The Bibliotheca Teubneriana, or Bibliotheca Scriptorum Graecorum et Romanorum Teubneriana, also known as Teubner editions of Greek and Latin texts, comprises one of the most thorough modern collections published of ancient (and some medieval) Greco-Roman literature. The series consists of critical editions by leading scholars. They now always come with a full critical apparatus on each page, although during the nineteenth century there were editiones minores, published either without critical apparatuses or with abbreviated textual appendices, and editiones maiores, published with a full apparatus.

Teubneriana is an abbreviation used to denote mainly a single volume of the series (fully: editio Teubneriana), rarely the whole collection; correspondingly, Oxoniensis is used with reference to the Scriptorum Classicorum Bibliotheca Oxoniensis, mentioned above as Oxford Classical Texts.

The only comparable publishing ventures producing authoritative scholarly reference editions of numerous ancient authors, are the Oxford Classical Texts and the Collection Budé (whose volumes also include facing-page French translations with notes). The Loeb Classical Library, with facing-page English translations and notes, aims at a more general audience.

== History of the series ==

In 1811, Benedictus Gotthelf Teubner (1784–1856) refounded in his own name a printing operation he had directed since 1806, the Weinedelsche Buchdruckerei, giving rise to the Leipzig publishing house of B.G. Teubner (its imprint, in Latin, in aedibus B.G. Teubneri). The volumes of the Bibliotheca Teubneriana began to appear in 1849. Although today Teubner editions are relatively expensive, they were originally introduced to fill the need, then unmet, for low-priced but high-quality editions.
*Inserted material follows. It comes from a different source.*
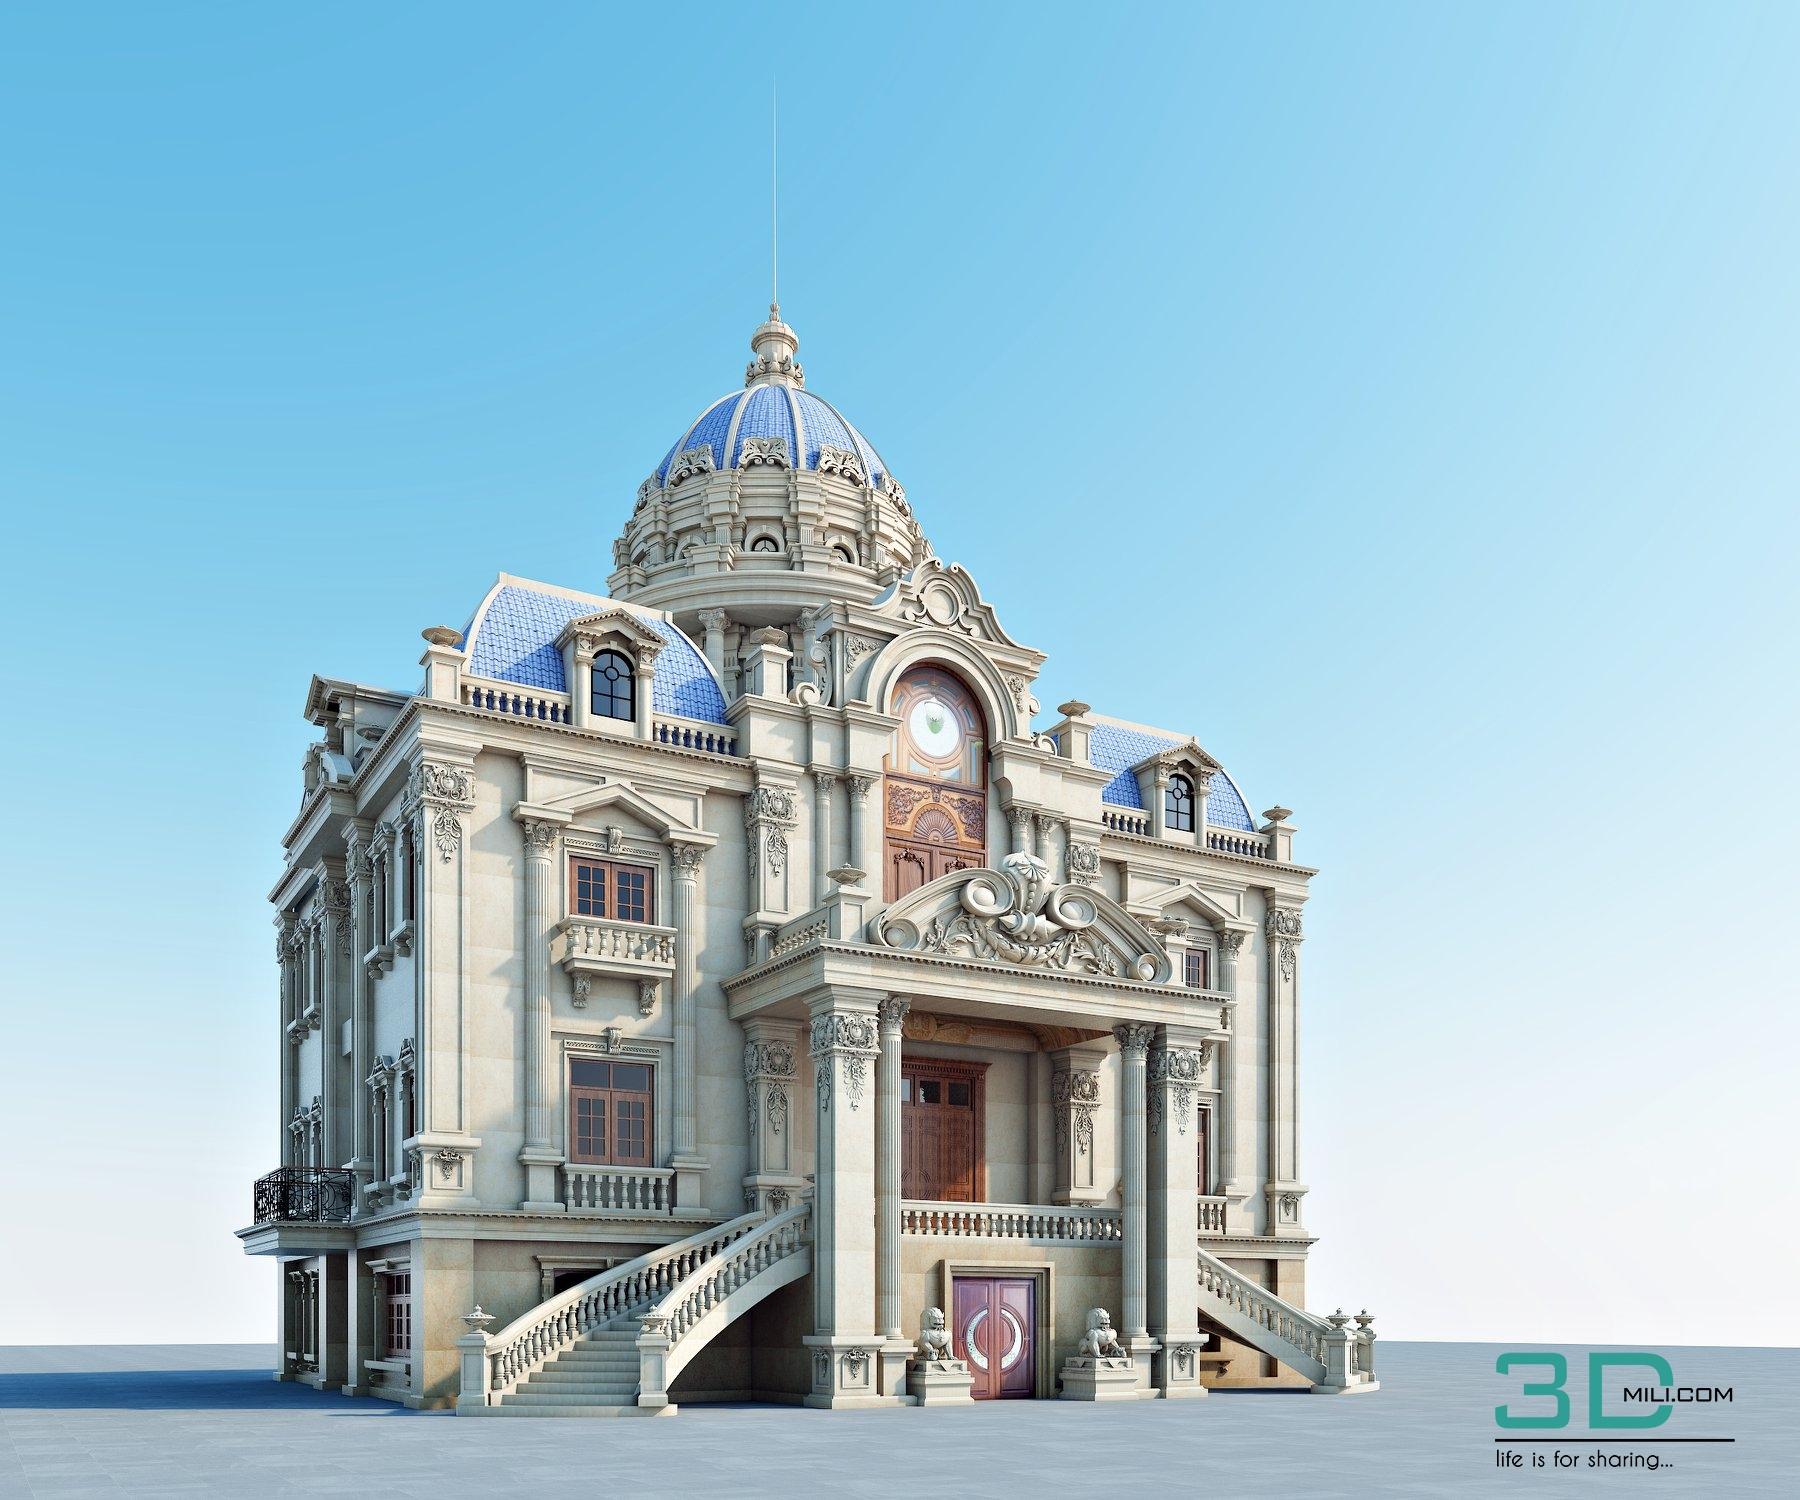 07   Sketchup Scenes File 07 - 3D Mili - Download 3D Model
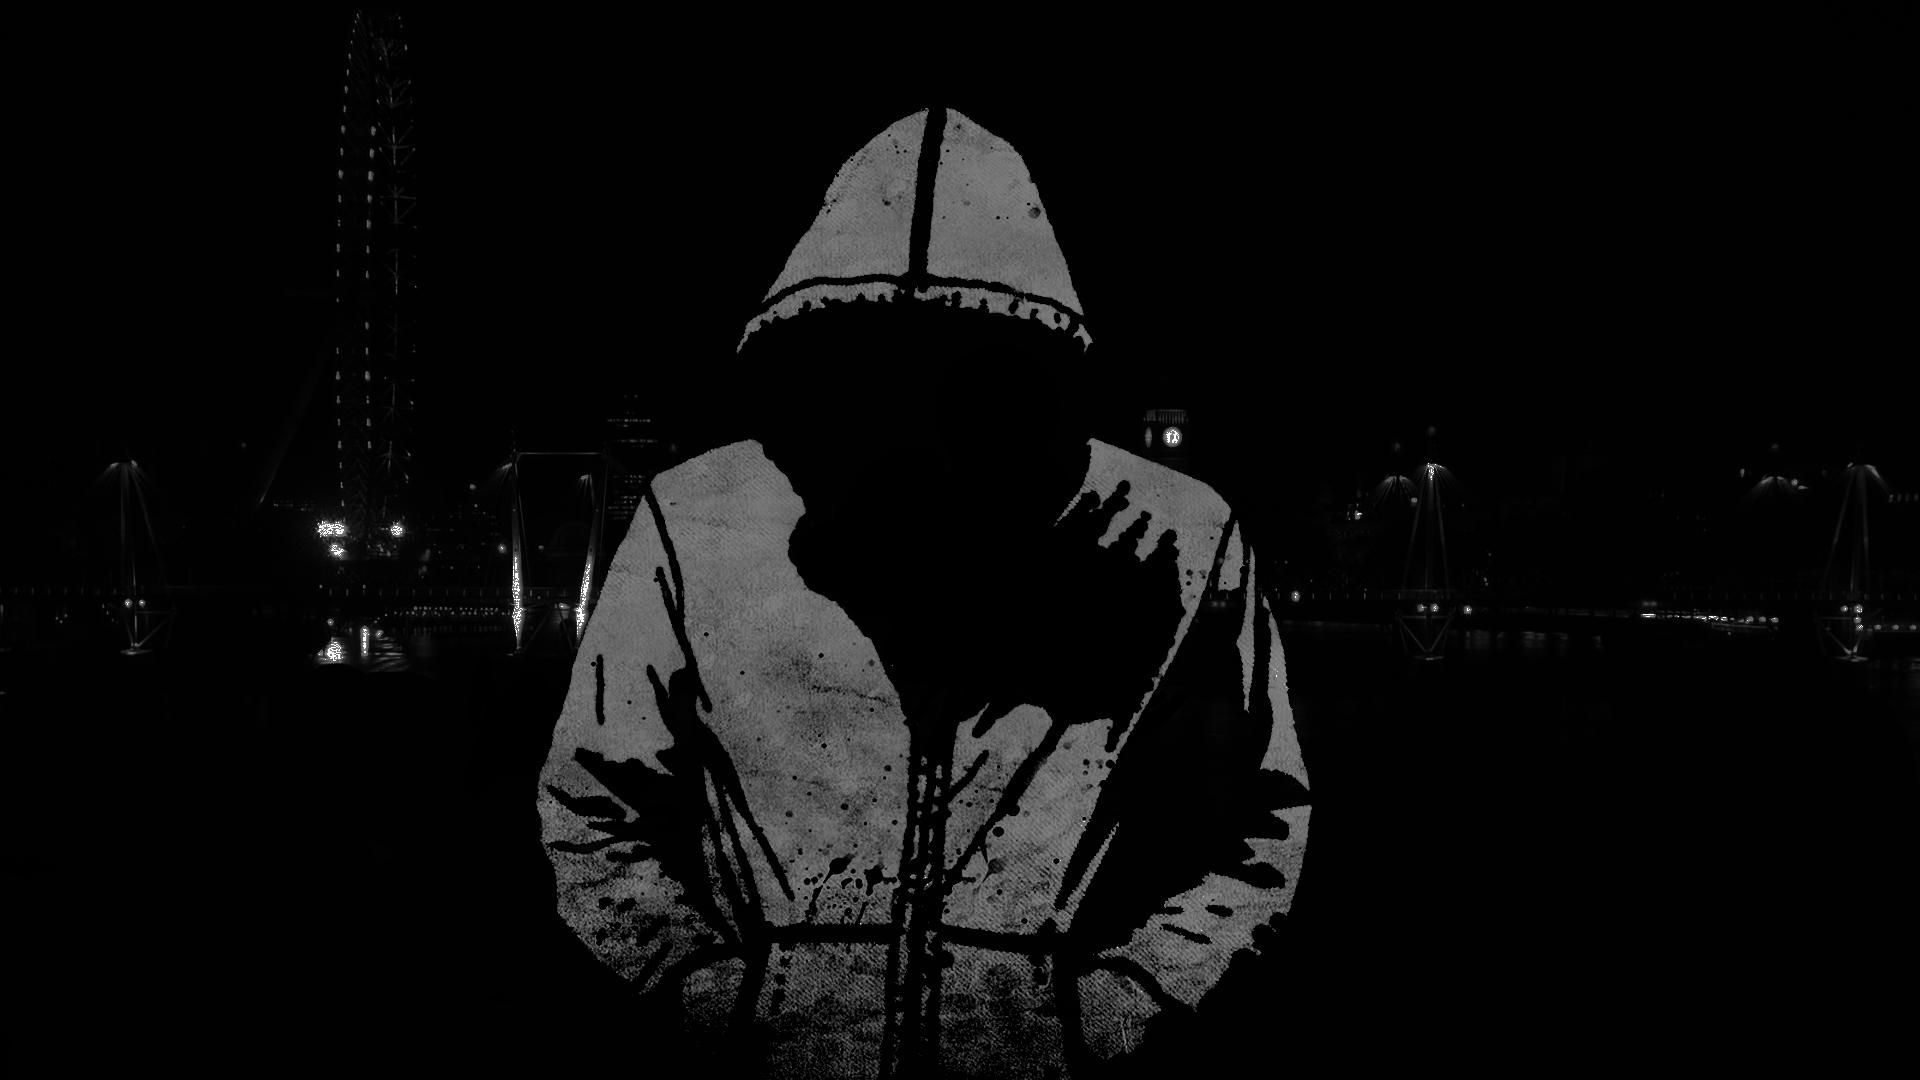 Dark Hacker Wallpapers - Top Free Dark Hacker Backgrounds - WallpaperAccess

Prior to the introduction of the Teubner series, accurate editions of antique authors could only be purchased by libraries and rich private scholars because of their expense. Students and other individuals of modest means had to rely on editions which were affordable but also filled with errors. To satisfy the need for accurate and affordable editions Teubner introduced the Bibliotheca Teubneriana.

In the 19th century, Teubner offered both affordable editiones maiores (with a full critical apparatus) for scholars, and low-priced editiones minores (without critical apparatuses or with abbreviated textual appendices) for students. Eventually, editiones minores were dropped from the series and Teubner began to offer only scholarly reference editions of ancient authors.

During the period between the end of World War II and German reunification, the publishing house of B.G. Teubner split into two firms, Teubner KG (with Teubner Buch GmbH and Teubner Redaktions GmbH), later BSB B. G. Teubner Verlagsgesellschaft, in Leipzig in East Germany, and Verlag B. G. Teubner / BG Teubner GmbH in Stuttgart in West Germany. Both offered volumes in the Bibliotheca Teubneriana.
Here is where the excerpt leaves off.